Richard Nixon wins the presidency, 1968

On this day in 1968, it was announced that Richard Milhous Nixon had become President-elect of the USA, having beaten Democrat rival Hubert Humphrey by 43.4% of the popular vote to 42.7%. Coming a distant third was American Independent candidate George Wallace with 13.5%. It was Nixon’s second attempt at the presidency, having been beaten by John F Kennedy in 1960. It was the first time a Republican had won in 12 years and marked a watershed in American politics, the broad consensus of the New Deal Coalition forged by Franklin Roosevelt having held sway for the previous 36 years (Dwight Eisenhower’s stints as presidents notwithstanding). Nixon was a lucky man, and knew it. It had been widely assumed that incumbent president Lyndon Johnson would run again, though sentiment against the Vietnam war had badly hurt him and the arrival of two Democrat rivals, first Eugene McCarthy later Robert Kennedy, encouraged him, mindful of the fact that his heart wasn’t strong, to quit. Nixon campaigned on a law and order ticket and vowed to end conscription, which he hoped would take the heat out of the anti-War movement.

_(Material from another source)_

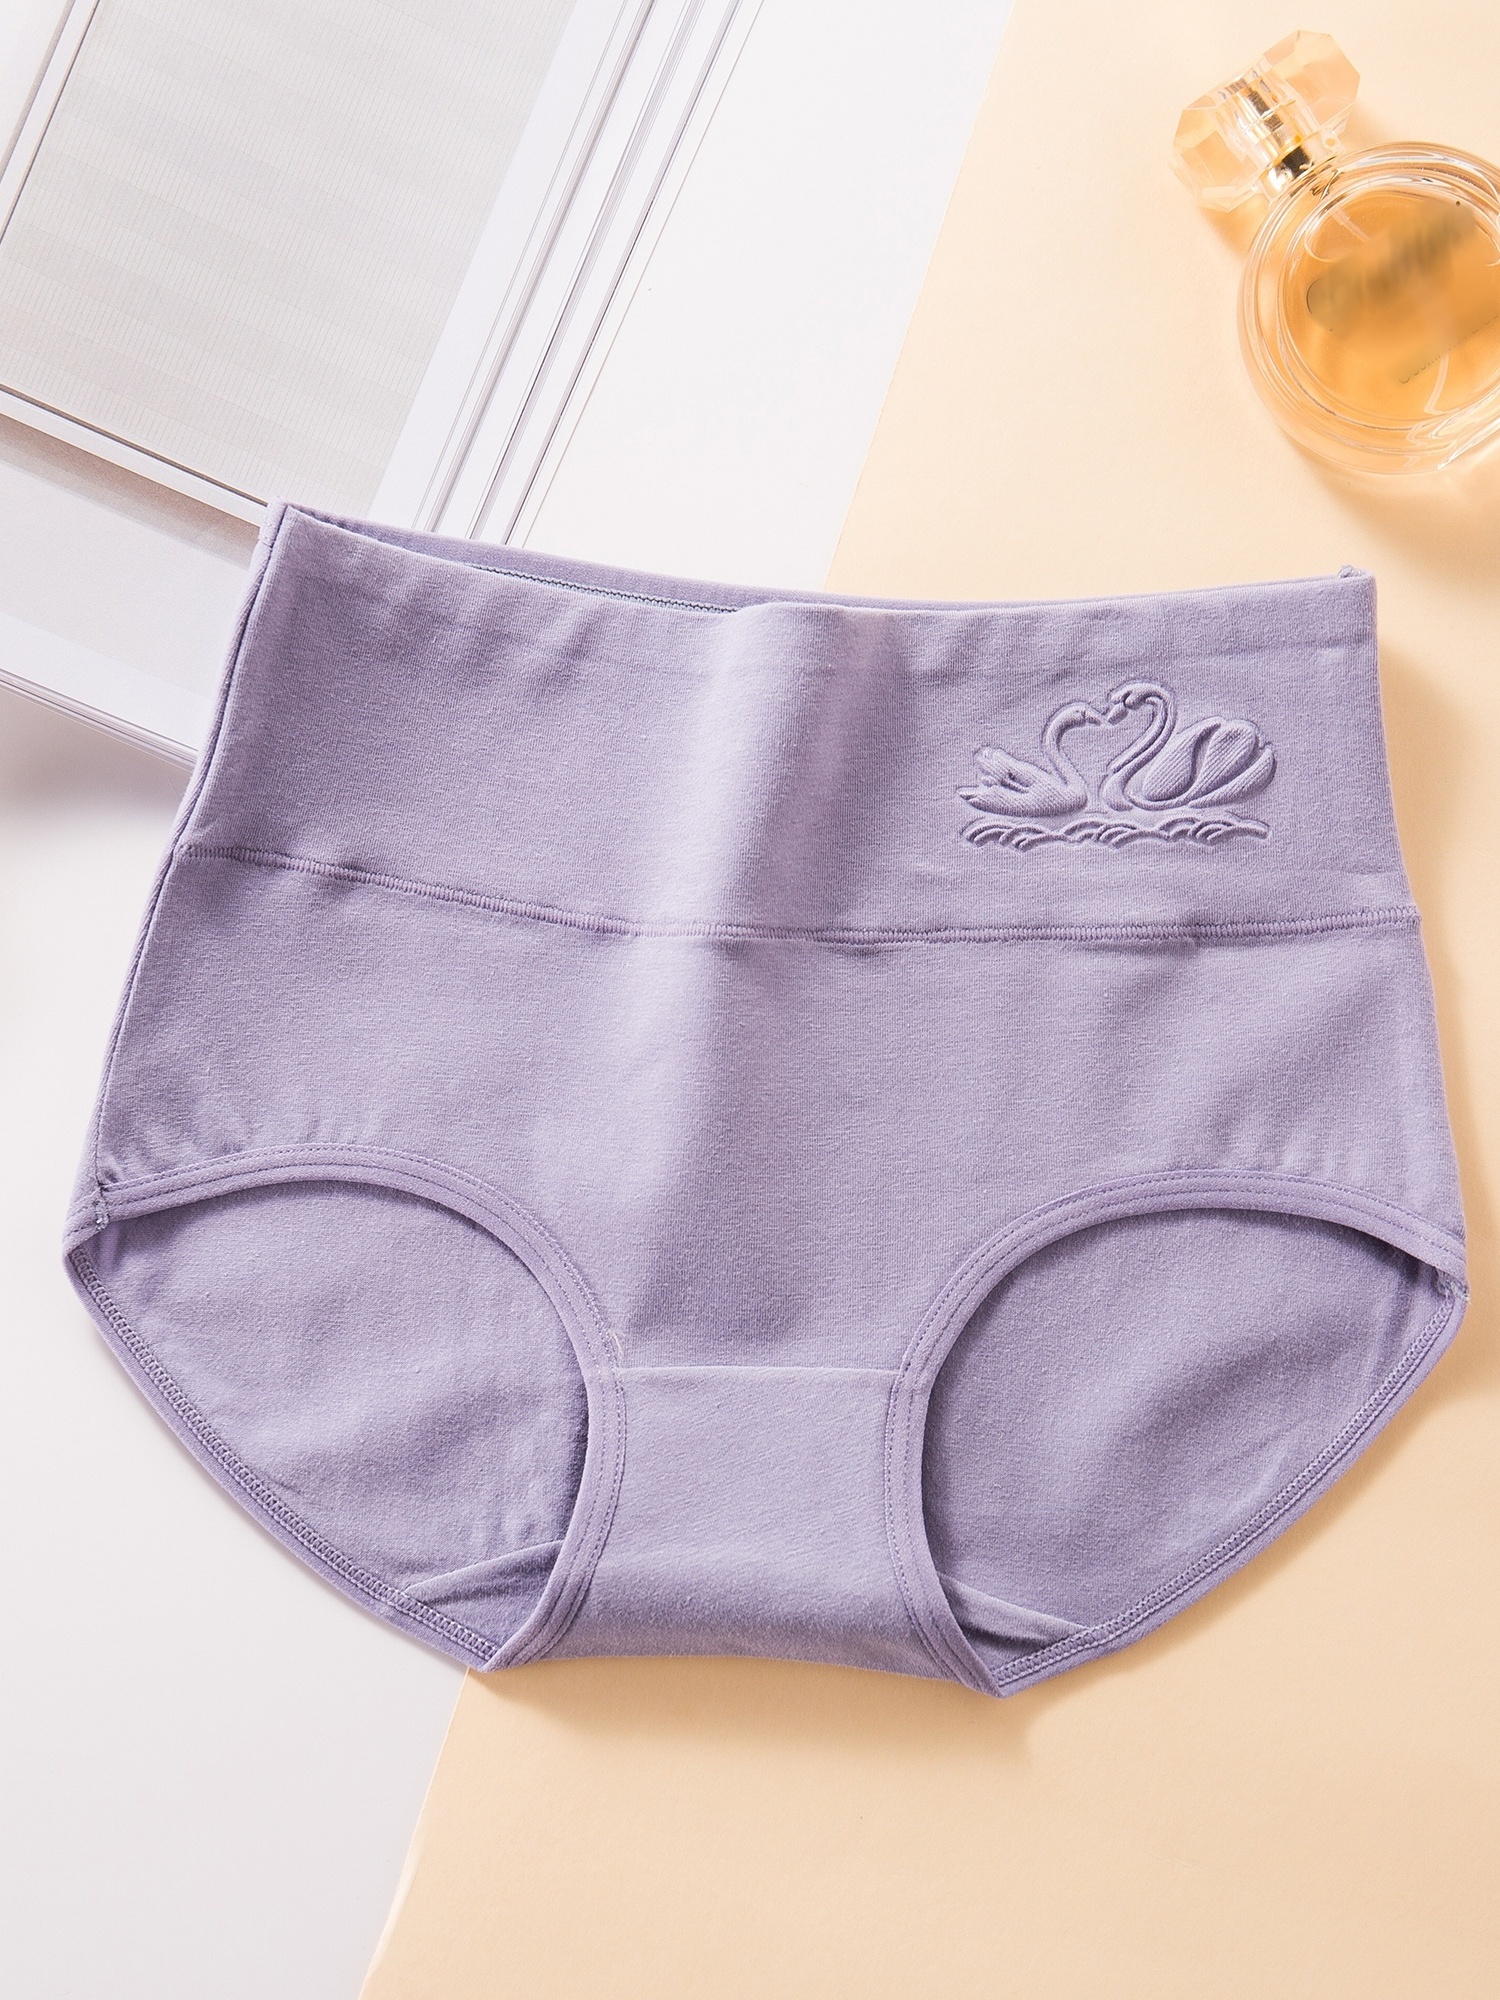 Shop Generic Trowbridge 3pcs/set High Waist Women's Panties Lingerie  Seamless Underwear Silk Satin Briefs Large Size Woman Underpants Online

He also appears to have made secret overtures to the South Vietnamese government, pointing out to them that if the upcoming Paris peace talks were to fail, then his incoming government would secure a peace much more favourable to the South, an act incumbent president Johnson (whose party stood most to gain from the talks) described as “treason”. Well, Nixon wasn’t called “Tricky Dick” for nothing.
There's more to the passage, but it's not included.